The owners in upmarket schemes in South Africa take for granted that maintenance should encompass the updating of obsolete materials in line with technological advances. In low-cost schemes populated by financially insecure owners, the general trend is to keep maintenance costs as low as possible and even to elect owners who share this philosophy as members of the management board. This is dangerous and could ultimately lead to the deterioration of apartment schemes. For this very reason the 1999 amendment of the Spanish condominium statute imposed administrative sanctions on owners who oppose or delay necessary repairs. Such owners may also be held liable for any damage caused by the delay in implementing the repairs.
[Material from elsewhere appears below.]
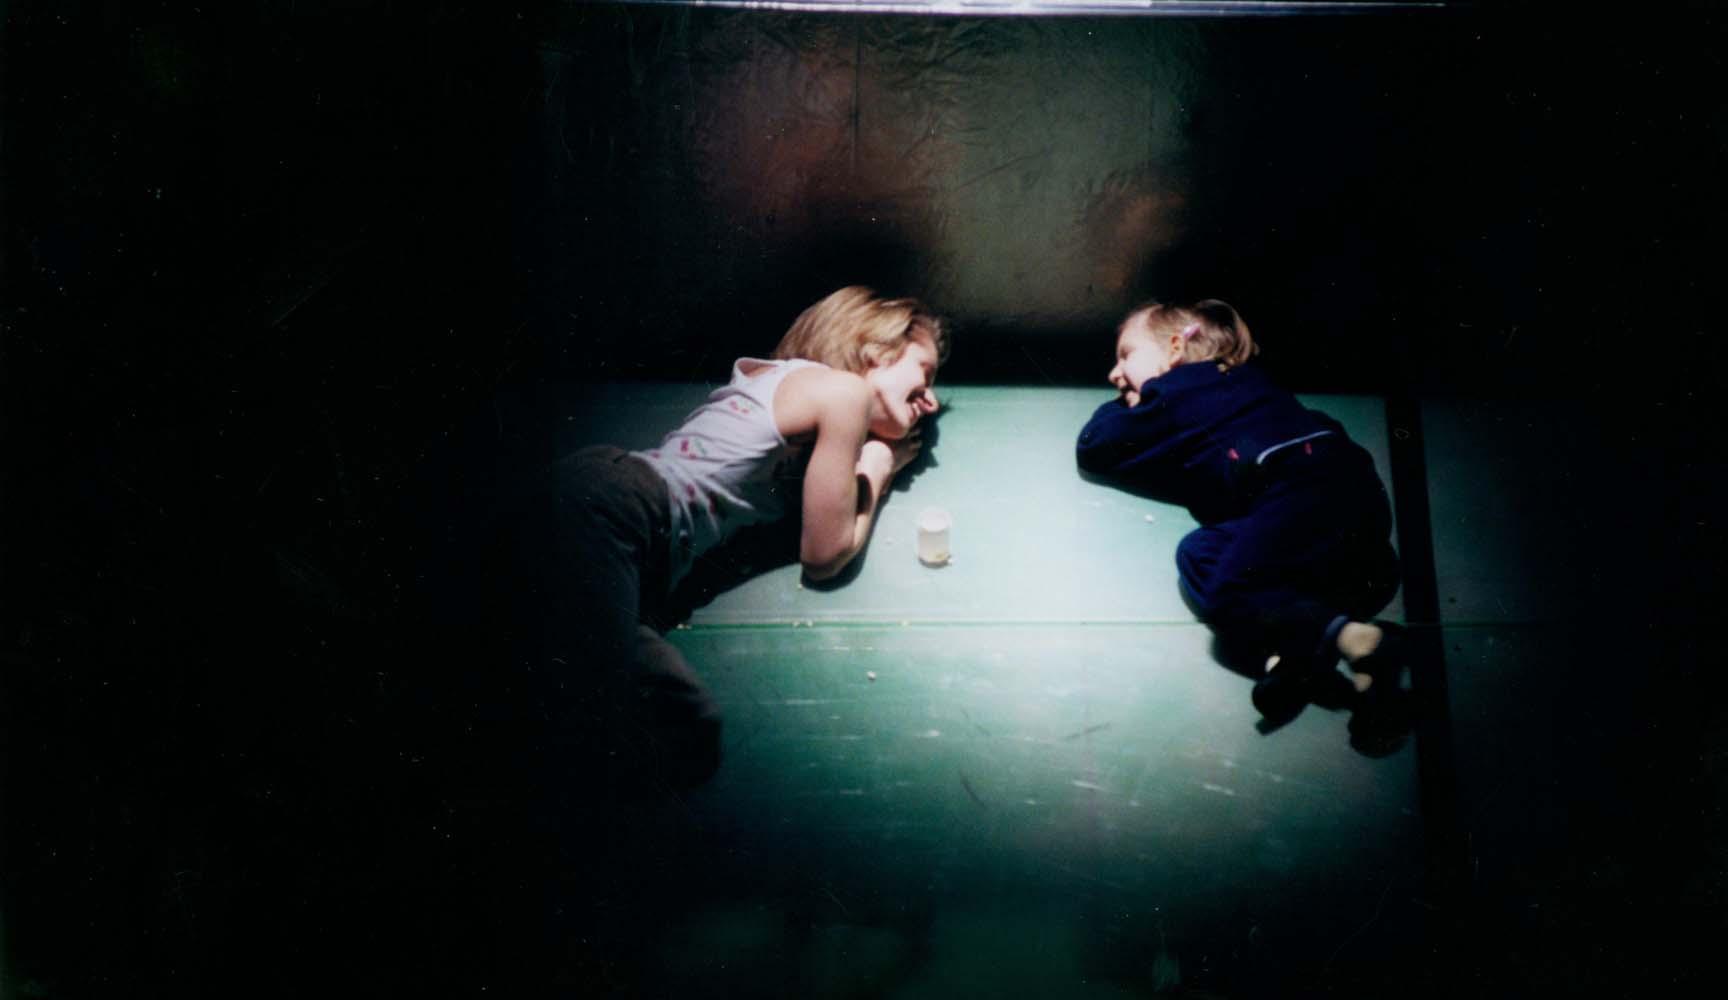 """Scena z przedstawienia """"4.48 Psychosis"""" w reżyserii Grzegorza Jarzyny, fot. Stefan Okołowicz/ TR Warszawa"""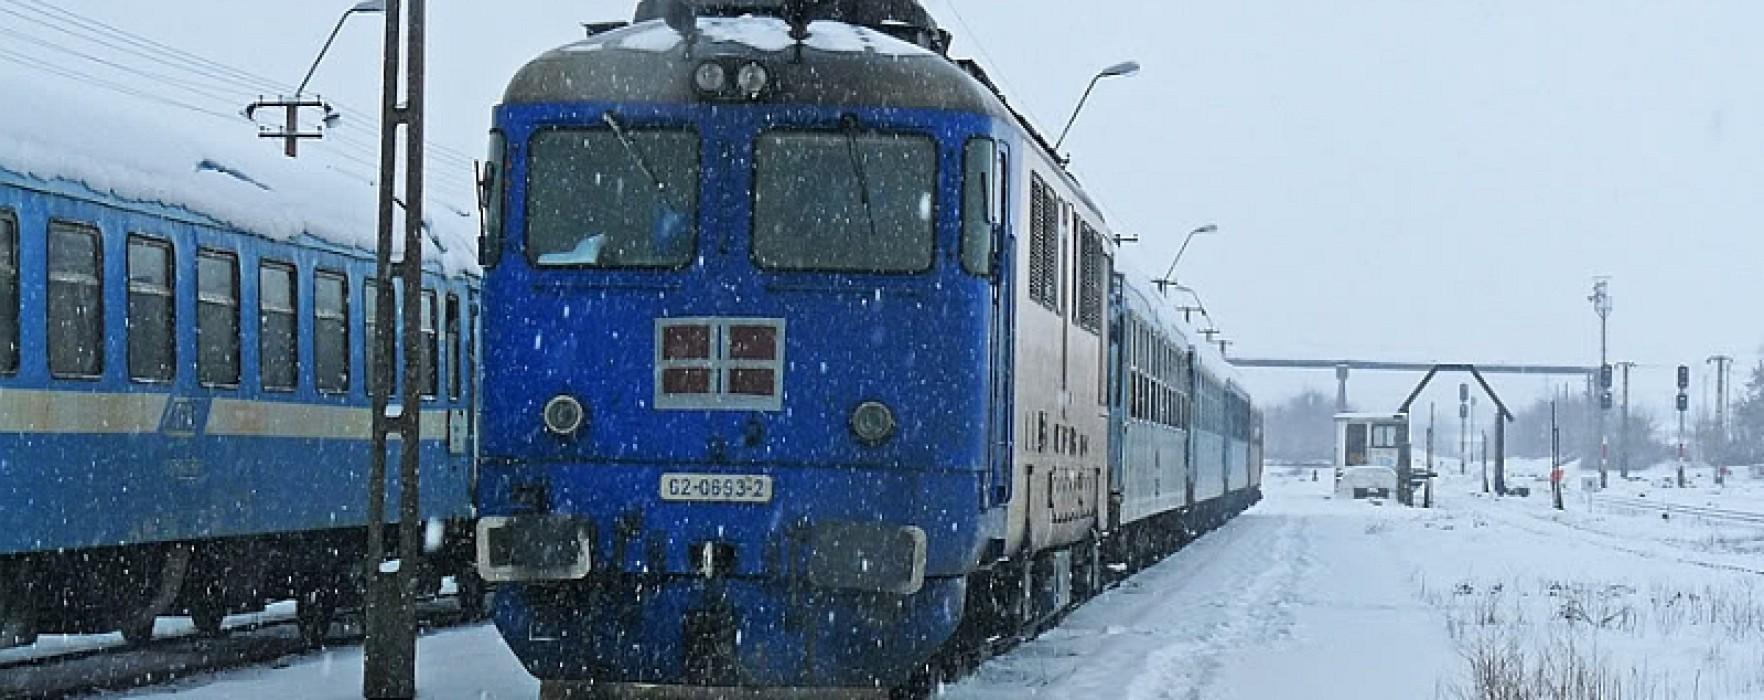 Două trenuri, blocate în gări, la Titu şi Ciocăneşti

Uniquely, Greece requires unanimous consent for carrying out necessary repairs. This leaves such repairs to single owners who may subsequently claim contributions from the other owners. The danger with this approach is something of a free-rider problem; most owners will be happy to reap the benefit of the repairs but will be reluctant to contribute towards their cost.
(b) Regarding the installation of a lift, the Norwegian report observes that the purpose of a condominium scheme could be regarded as solely involving the ‘passive’ management of the existing scheme, and not involving any new activities, additional investments or risk-taking. On the other hand, the opportunity to upgrade the status of the scheme in line with current general economic, technological and societal developments should be catered for. The legislator has tried to strike a balance by requiring a special majority for measures exceeding ordinary maintenance and management, and by introducing general rules with regard to minority protection.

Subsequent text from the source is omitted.